The four are among 503 members of the American Association for the Advancement of Science to receive the honor of being named a Fellow, a tradition that goes back to 1874. They will be formally recognized during the 2011 AAAS Annual Meeting in Washington, D.C., this February.

Howard Grimes, WSU vice president for research and dean of the Graduate School, said the awards are another indication of the high quality of research being conducted by WSU faculty.

"This is a well-deserved recognition of the work of these four faculty members, who in many ways personify both the exceptional quality and relevance of the type of scientific inquiry that has come to distinguish WSU," said Grimes. "They are to be congratulated and thanked for all they have done and continue to do for the institution."

The WSU Fellows are:

  • Warwick M. Bayly, "for distinguished contributions to comparative respiratory pathophysiology and outstanding leadership advancing the teaching and practice of veterinary medicine in the United States and abroad." Bayly, former dean of WSUs College of Veterinary Medicine, also serves as the WSU provost.

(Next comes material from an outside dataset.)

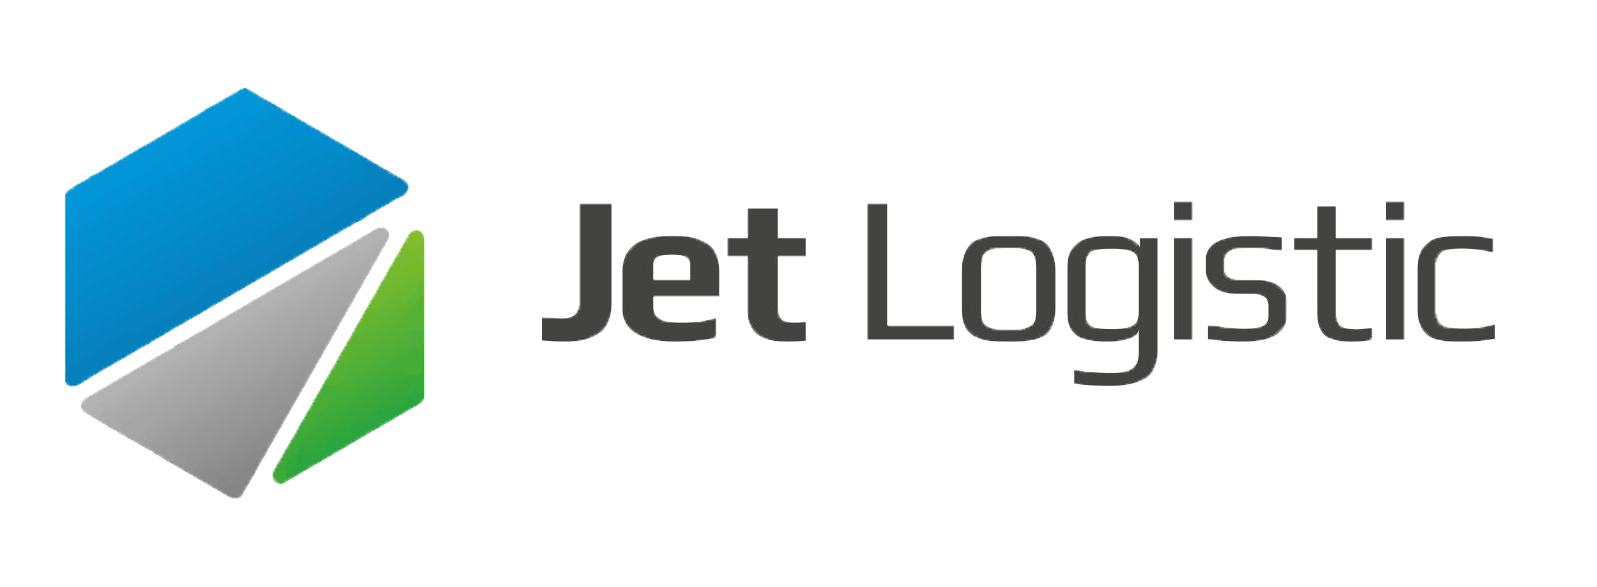 jet-logistic

  • Terry F. McElwain, "for distinguished contributions to public health through infectious diseases investigation and implementation of laboratory networks for detection and confirmation of pathogen emergence and spread." McElwain is a professor of Veterinary Microbiology and Pathology and executive director of the Washington Animal Disease Diagnostic Laboratory.

  • Raymond Reeves, "for distinguished contributions to the field of chromatin research, particularly for studies elucidating the structure and function of the HMGA family of non-histone architectural proteins." Reeves, a professor in the School of Molecular Biosciences, studies proteins that turn human genes on and off in normal and cancerous cells.

  • Michael J. Smerdon, "for distinguished contributions to the field of DNA repair, and for recognizing the significance of chromatin structure in this important defense mechanism against human disease." Smerdon, who is also a Regents professor in the School of Molecular Biosciences, looks at how DNA repair is influenced by the way DNA is packaged in cells and its response to genetic signals being turned on and off by environmental conditions.